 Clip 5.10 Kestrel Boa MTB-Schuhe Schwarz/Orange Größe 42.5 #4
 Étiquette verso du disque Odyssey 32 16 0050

━━━━━━━━━━

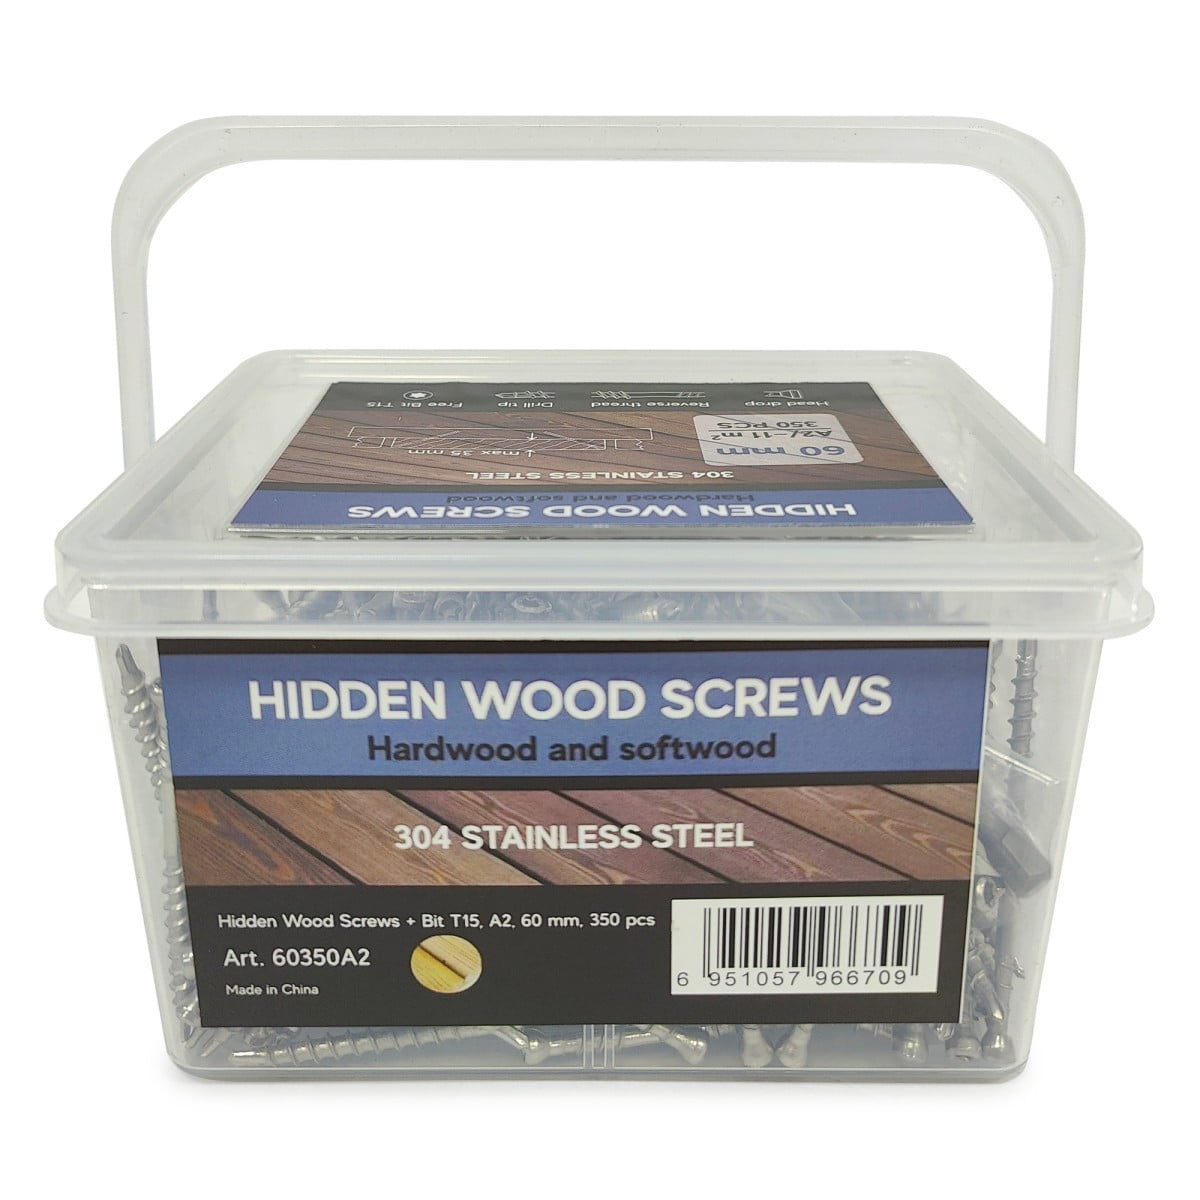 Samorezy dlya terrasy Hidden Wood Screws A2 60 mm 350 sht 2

━━━━━━━━━━

One stretch of the lines above is wanted, from the line that contains "Clip 5.10 Kestrel" through the line that contains "Étiquette verso du disque Odyssey 32 16 0050". Output it exactly.

 Clip 5.10 Kestrel Boa MTB-Schuhe Schwarz/Orange Größe 42.5 #4
 Étiquette verso du disque Odyssey 32 16 0050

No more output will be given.